American Indians and Civil Rights

September 30, 2015

By Jannet Walsh

Brief overview, history and landmark decisions

The indigenous peoples in the United States, the first inhabitants of the land, are believed to have migrated from Asia to North American some 15,000 years ago, passing over massive glaciers serving as a land bridge between Siberia and Alaska.

The term Native American is losing favor with some Native groups, but American Indian or Indigenous American are preferred by some, according to the Smithsonian National Museum of the American Indian. The official reference by the U.S. Census is American Indian and Alaska Native for indigenous peoples in the United States.

2010 United States Census - American Indian and Alaska Native

The Census in 2010 recorded 5.2 million people in the United States identified as American Indian and Alaska Native, either alone or in combination with one or more other races. Additionally, out of the total, 2.9 million people identified as American Indian and Alaska Native alone. The Census for the entire nation on April 1, 2010, was 308.7 million people. Learn more the 2010 Census.

Civil Rights History - A brief overview

1884 - John Elk case - A person cannot be a United States citizen and a member of an Indian tribe.

1887 - Dawes Act granted citizenship only to Indians who gave up their tribal affiliations.

1897 - Chief Standing Bear of the Ponca Tribe is considered a person or man in a landmark decision in the court case, Standing Bear v. Crook. Learn more about the Trial of Standing Bear.

1901 - Citizenship granted for American Indians living in Indian Territory .

1919 - Indians who served in World War I are granted citizenship.

1924 - Citizenship granted to all American Indians, but states imposed restrictions.

1941 to 1945, World War II -Navajo Code Talkers - Native Americans in the United States Marine Corps used native languages to send secret tactical messages, encrypted messages. When Native Americans went off to fight in Word War II, they did not have the right to vote until 1948.

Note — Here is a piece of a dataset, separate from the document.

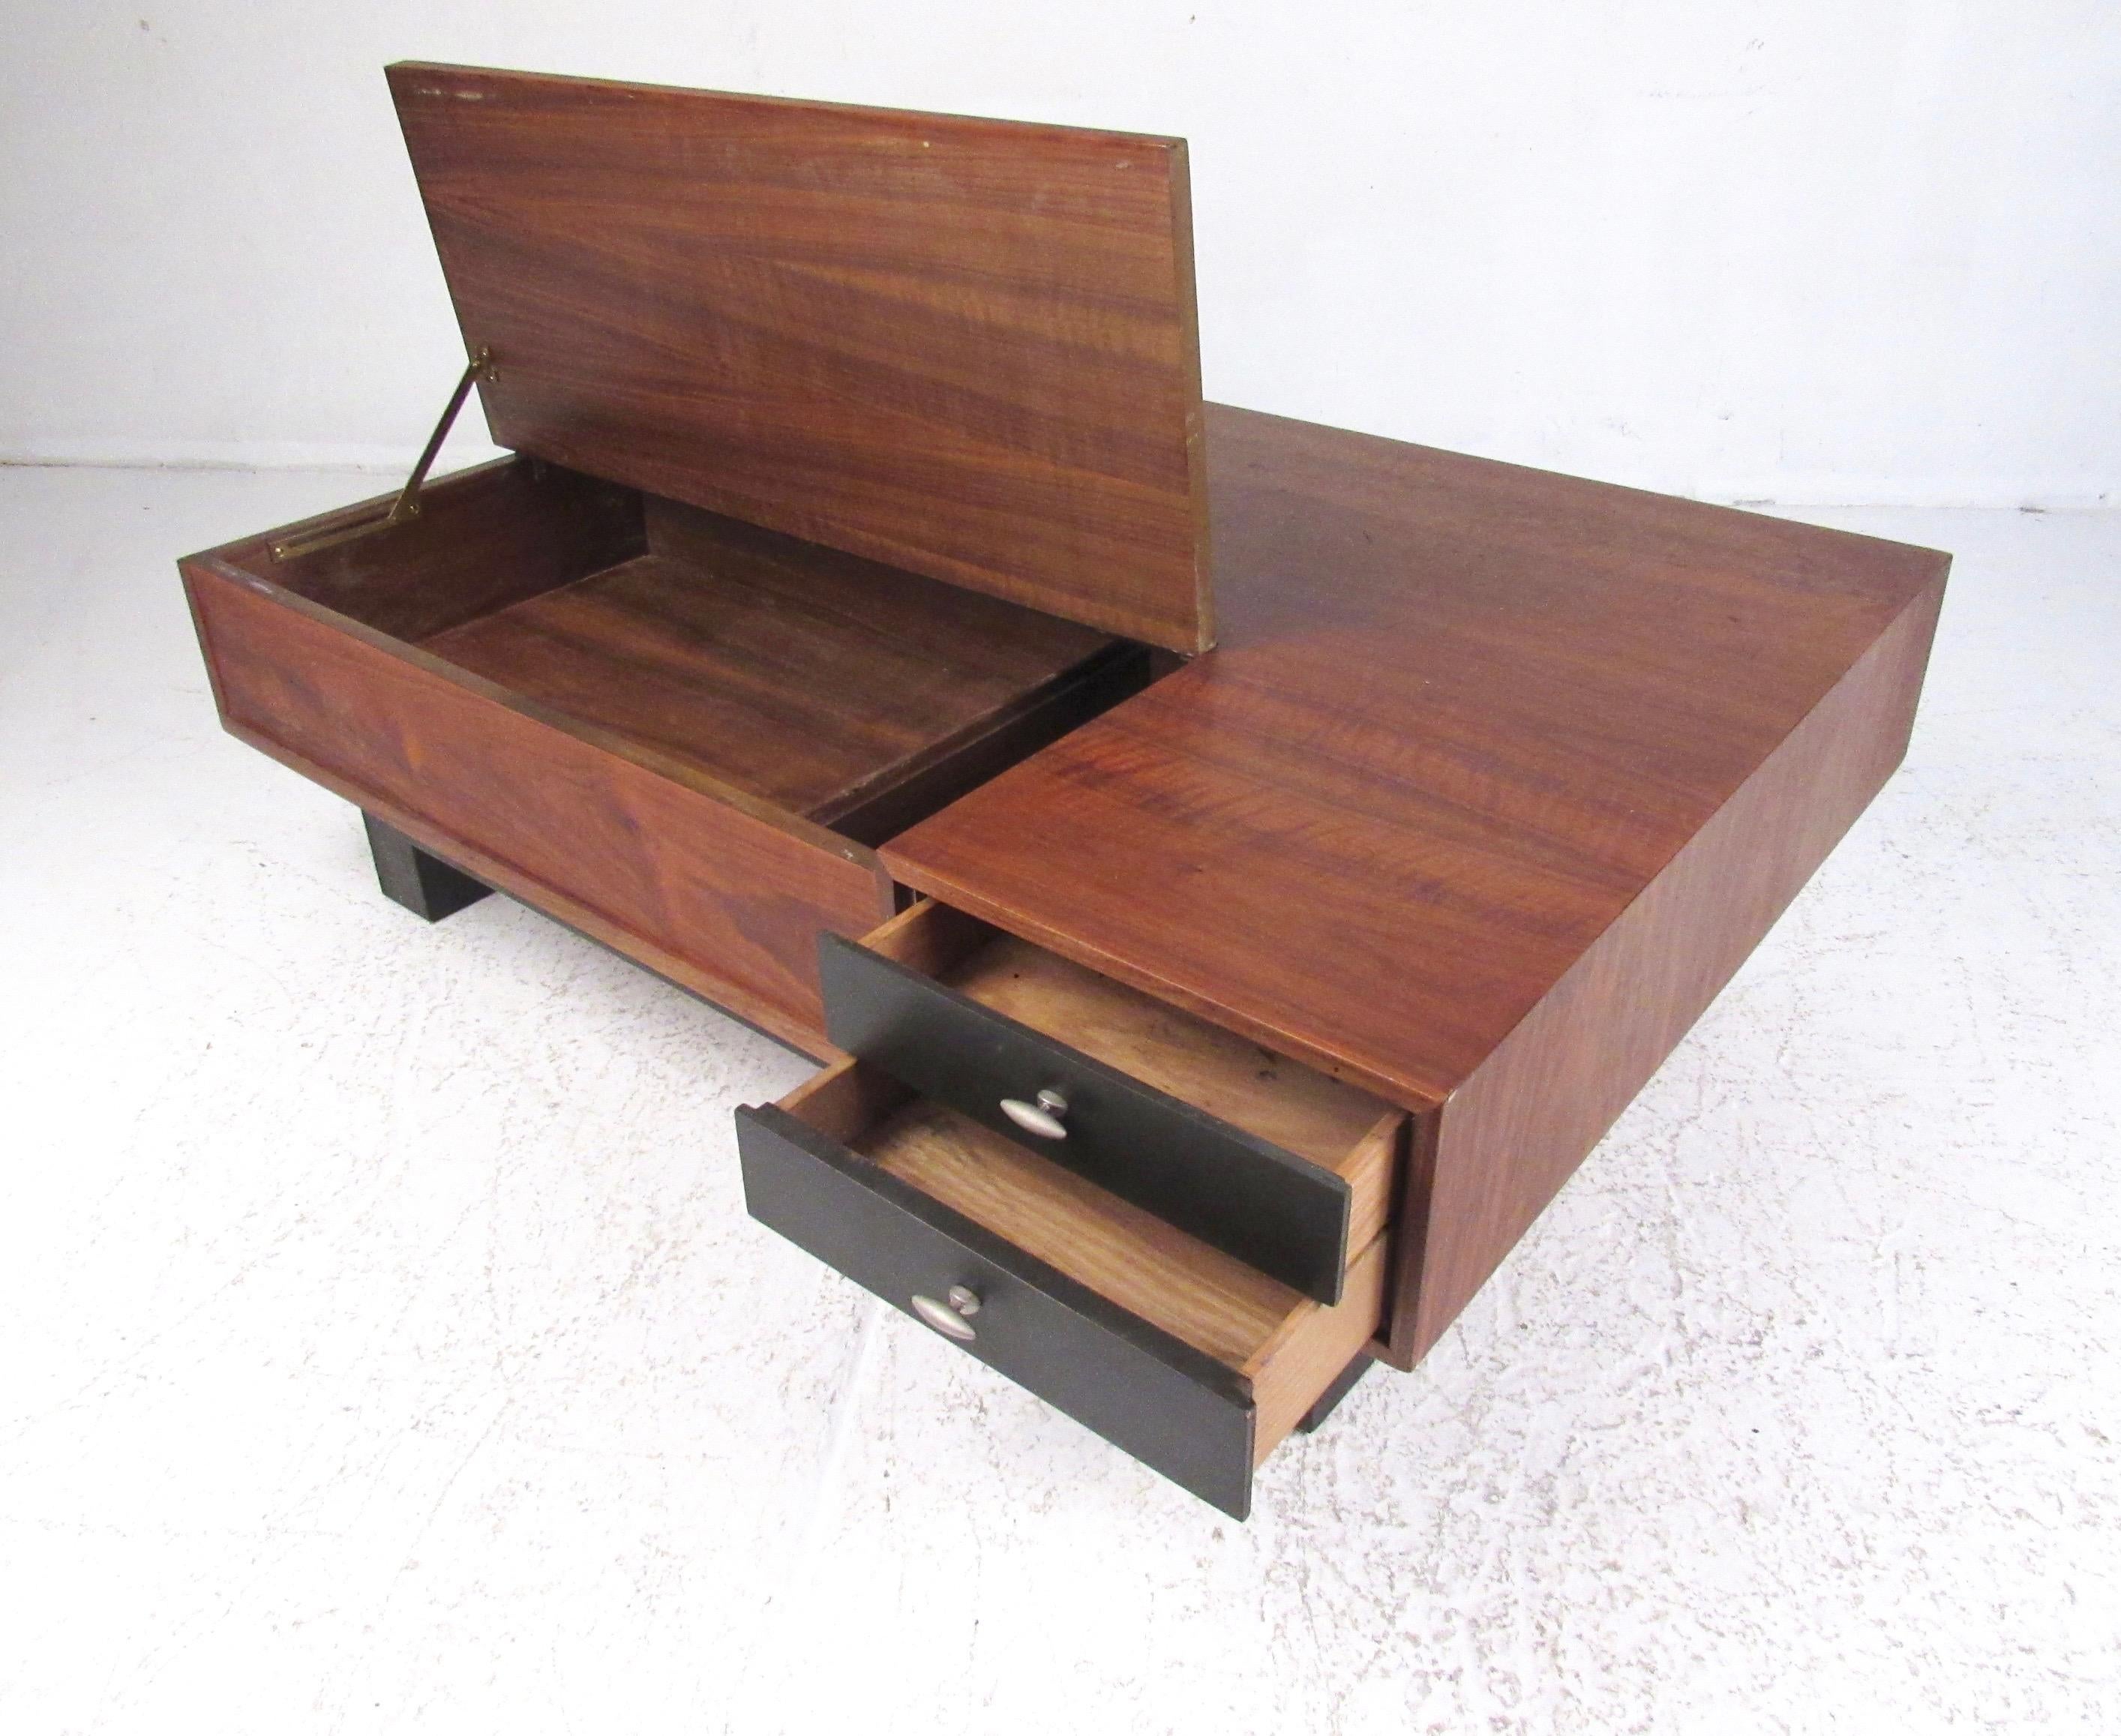 This impressive vintage modern coffee table by Drexel furniture features beautiful walnut finish, ebonized hardwood sides, and unique drawer pulls. Two in one storage options include a pair of matching drawers and a lift top interior cabinet,

1948 - Arizona and New Mexico are last two states to grant American Indians right to vote.

1965 - Voting Rights Act of 1965 and amendments

2015 - Justice Department makes proposal for overcoming voting barriers for Native Americans, with many needing to travel more than 100 miles to vote.

Native American Maps and Education

Aaron Carapella of Warner, Okla., has designed Native American maps detailing locations and original names of hundreds of American Indian nations before their first contact with Europeans. The Native American maps provide education and understanding of lost or forgotten Native homelands.